The aviation industry has been coping with unprecedented conditions of uncertainty as passengers want to postpone or cancel flights that they may have booked months ago or to get refunds.  Airlines are keeping most of their aircraft on the ground and many large airlines have significantly reduced their capacity, but they still continue to run some “ghost flights” even if there is not a single passenger onboard.  Employees have been instructed to take compulsory unpaid leave.  Some countries have partially or fully closed their doors to commercial flights.  There’s been record-breaking losses in the stock market across the globe and the value of airlines have taken a nosedive.  Overall, the airline industry’s mission to connect world economies has now become secondary to the primary struggle to survive.

The Coronavirus (COVID-19) outbreak first occurred in Wuhan, China in December 2019 and has been detected in over 190 countries so far.  On March 11th it was declared a pandemic by the World Health Organization (WHO) with an official announcement by the WHO stating that the rate of the spread of the outbreak was out of control.  The global aviation industry, which has been facing various challenges for some time, was immediately and drastically impacted by this situation. The virus, which spreads quickly with no near-term predictions on when it truly it will be under control, has rattled the aviation industry down to its core.
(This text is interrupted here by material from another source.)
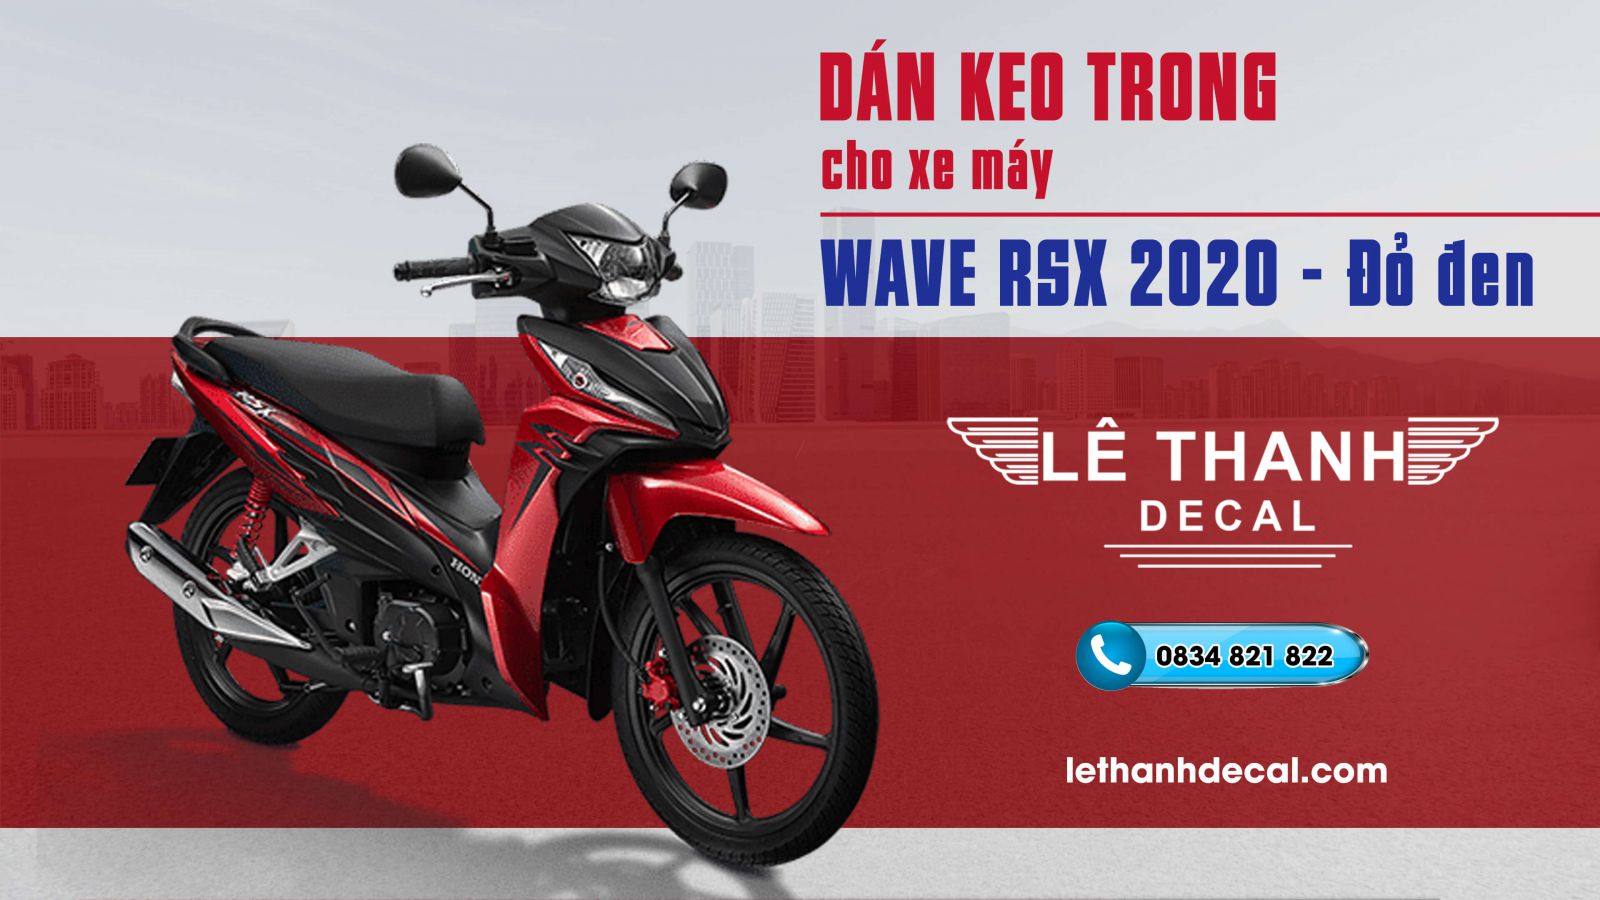 Bộ nhựa dàn áo RSX 110cc 2020 Vành đúcCó 5 màu Xanh  TrắngXám đỏXanh  xám đenĐỏ đen  chinhhangvn

January 2020 data show that flight traffic had the lowest monthly increase in the last decade. Moreover, restrictions on air travel started only after 23 January 2020. The traffic figures recorded in January are thought to be just the tip of the iceberg. The outbreak will seriously test the resilience of the global aviation industry, and this is just the beginning. By the end of 2020, it is estimated that the number of passengers traveling by air will drop for the first time since 2009. 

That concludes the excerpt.